Mother to infant transmission of hepatitis C virus (HCV) has been extensively studied in mothers with human immunodeficiency virus (HIV) infection, whereas fewer data are available on the vertical HCV transmission in HIV-negative women.


Between January 1995 and June 1997, 78 consecutive HCV-positive/HIV-negative women with their offspring entered this prospective study aimed to define the prevalence of and risk factors for HCV vertical transmission. Risk factors for HCV were carefully sought, and HCV viral load and genotype were determined in all positive mothers. The infants were tested for alanine aminotransferase (ALT) and HCV-RNA at birth and at 4, 8, 12, 18, and 24 months of age.

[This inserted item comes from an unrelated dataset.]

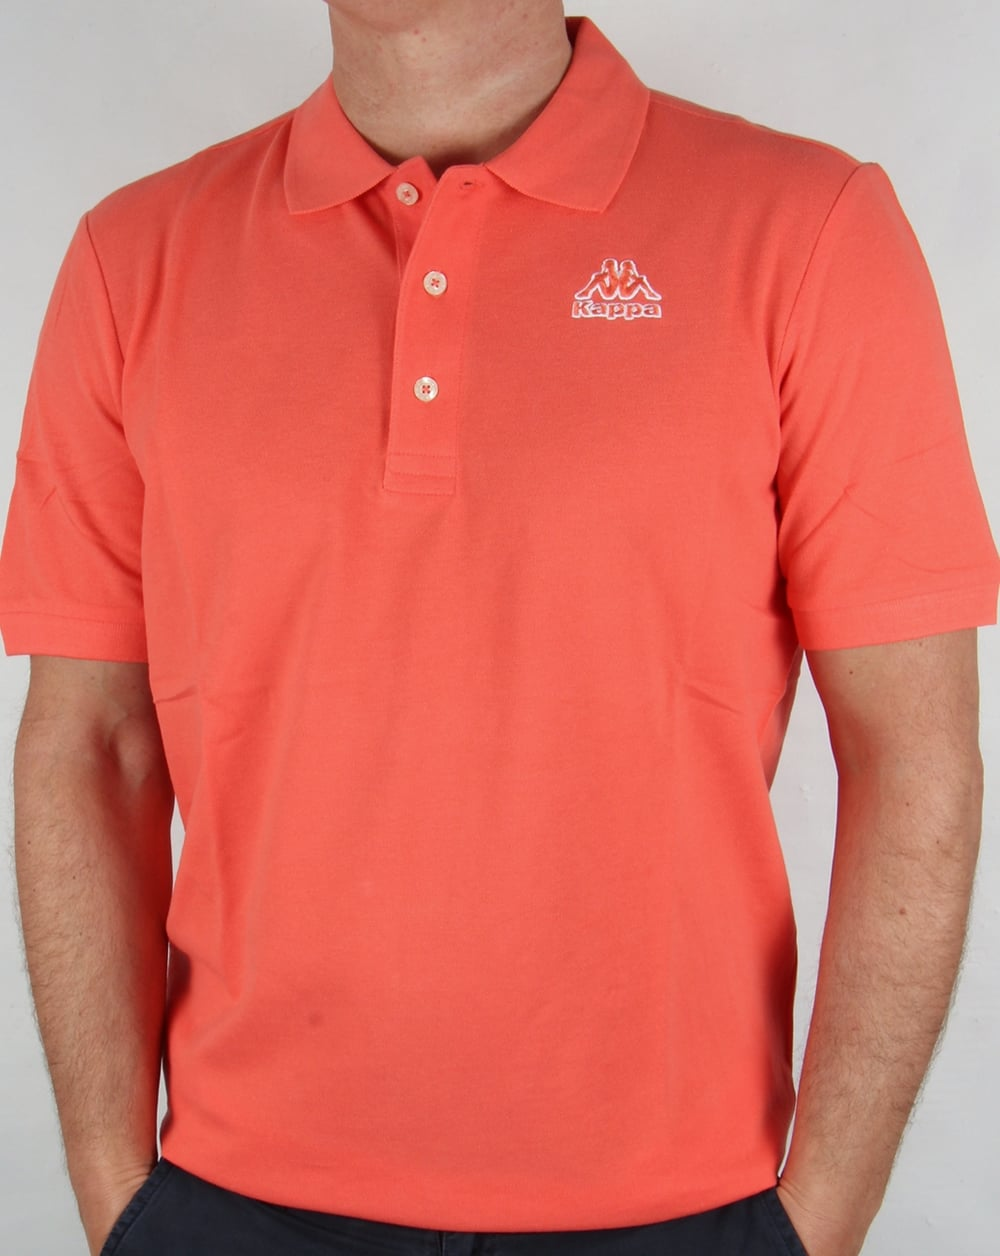 454e86796b Kappa Robe di Kappa Omini Polo Shirt Coral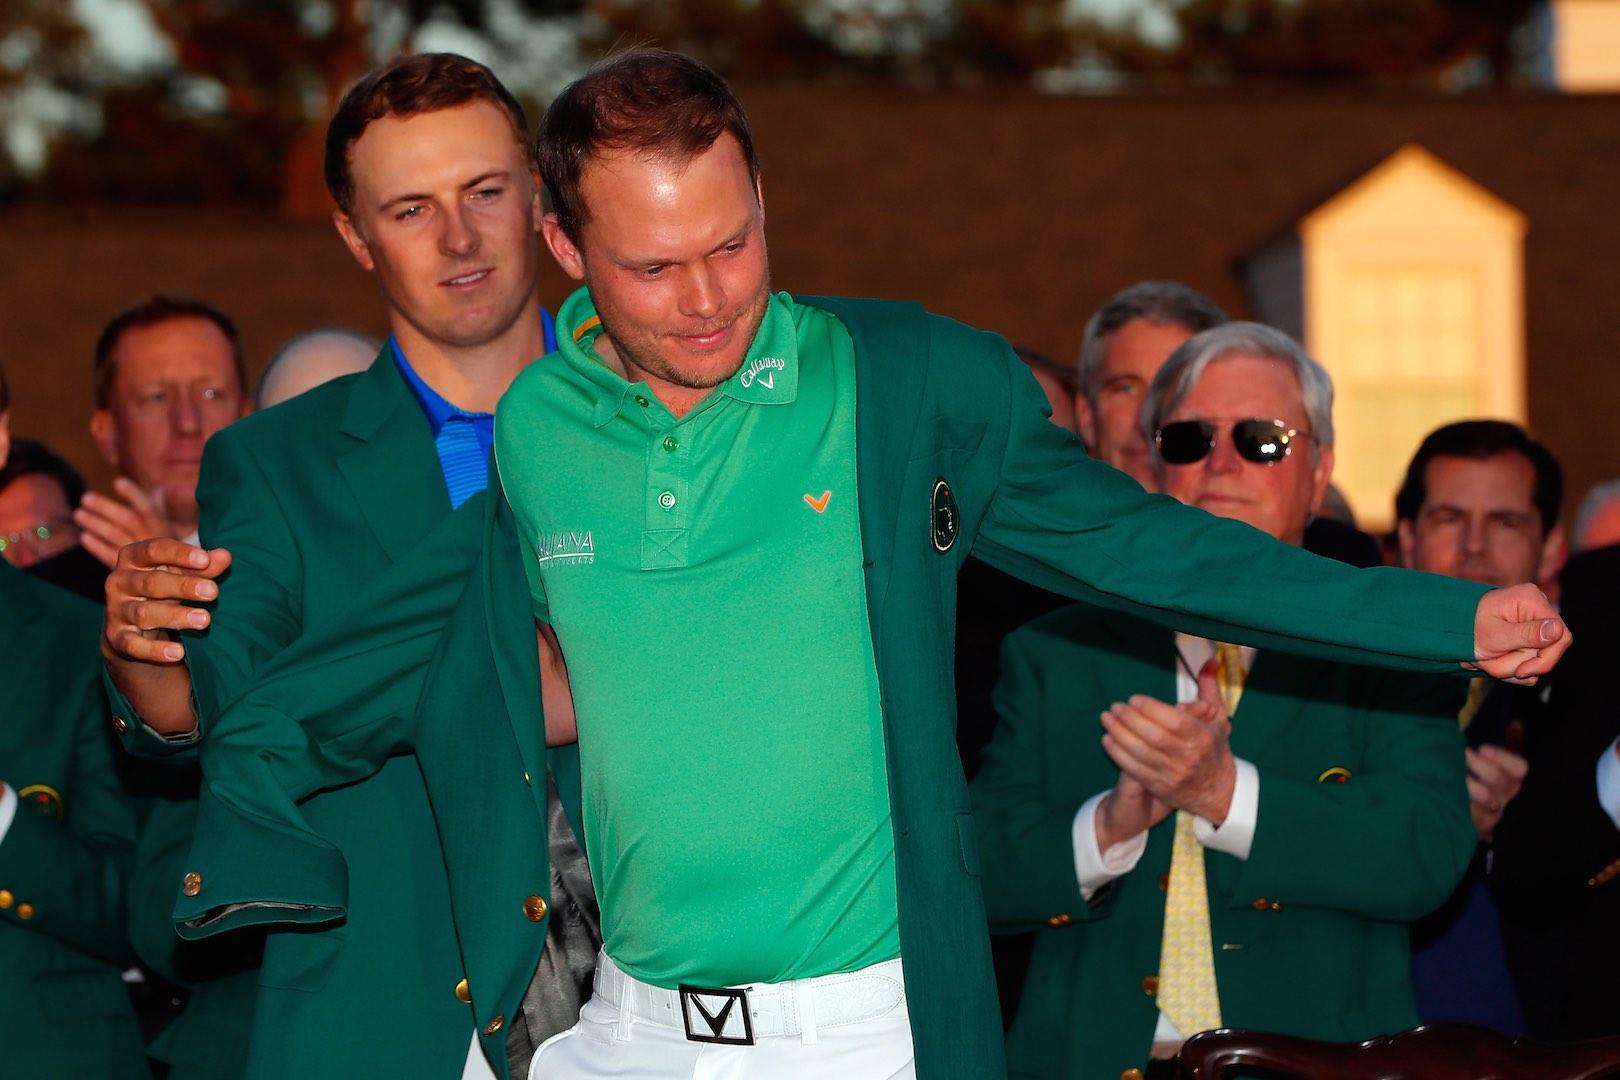 Jordan & Danny's Green Jacket Grapple

Eight of 60 (13.3%) infants born to HCV-RNA positive mothers acquired HCV infection, but only 2 (3,3%) were still infected by the end of follow-up. Infants' genotypes matched that of the mothers. ALT levels were in the normal range in all study subjects throughout the follow-up. High maternal viral load (P < 0.05), possession of HCV risk factors (P < 0.004), and history of blood transfusion (P < 0.05) were associated with increased risk of HCV vertical transmission.


This long-term prospective study shows that, although vertical transmission from HIV-negative mothers occurs in 13% of cases, there is a high rate of spontaneous viral clearance (75%). High maternal viral load and mothers belonging to HCV risk categories were the only variables predictive of the vertical transmission.